■ **Records for this exercise**:
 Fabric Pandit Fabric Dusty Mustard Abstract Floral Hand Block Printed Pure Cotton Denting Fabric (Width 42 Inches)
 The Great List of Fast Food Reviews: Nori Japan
--
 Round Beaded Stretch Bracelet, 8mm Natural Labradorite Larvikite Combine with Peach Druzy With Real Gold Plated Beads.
==
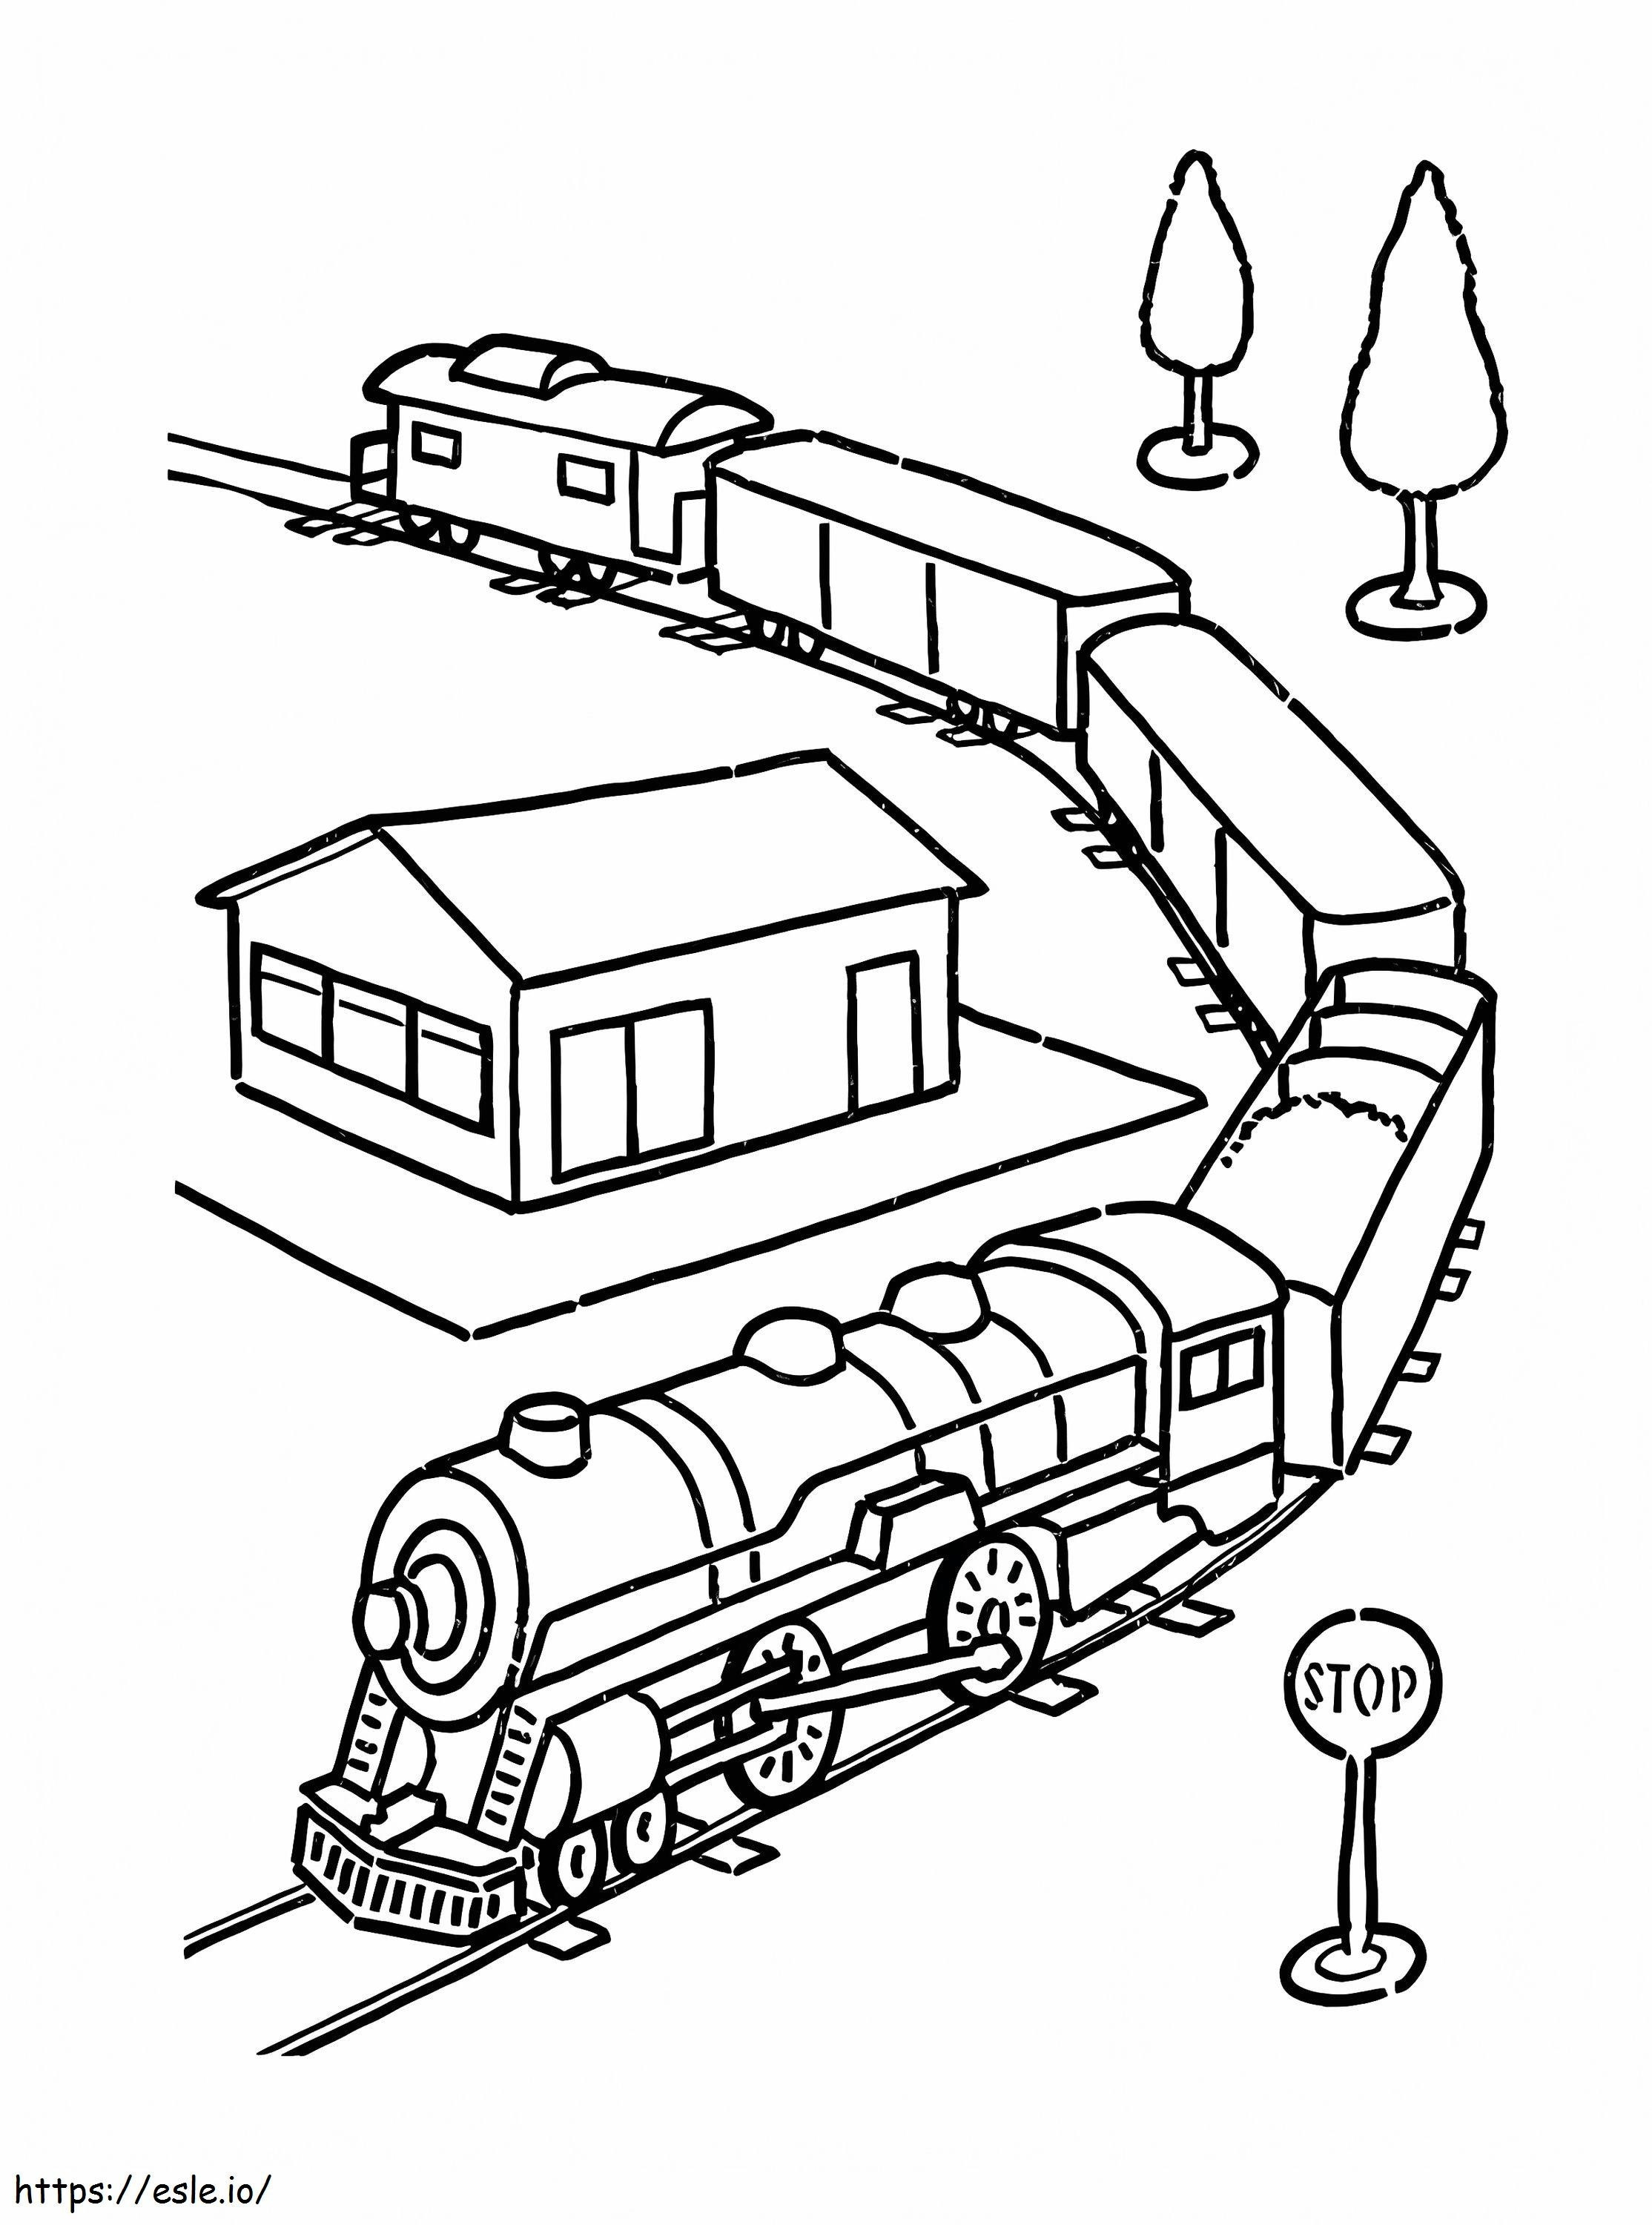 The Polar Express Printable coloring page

■ **Aim of the exercise**:
In the records above, the line with "Fabric Pandit Fabric" marks the start and the line with "The Great List" marks the end; copy that stretch exactly, both lines included, and nothing else.

■ **Worked solution**:
 Fabric Pandit Fabric Dusty Mustard Abstract Floral Hand Block Printed Pure Cotton Denting Fabric (Width 42 Inches)
 The Great List of Fast Food Reviews: Nori Japan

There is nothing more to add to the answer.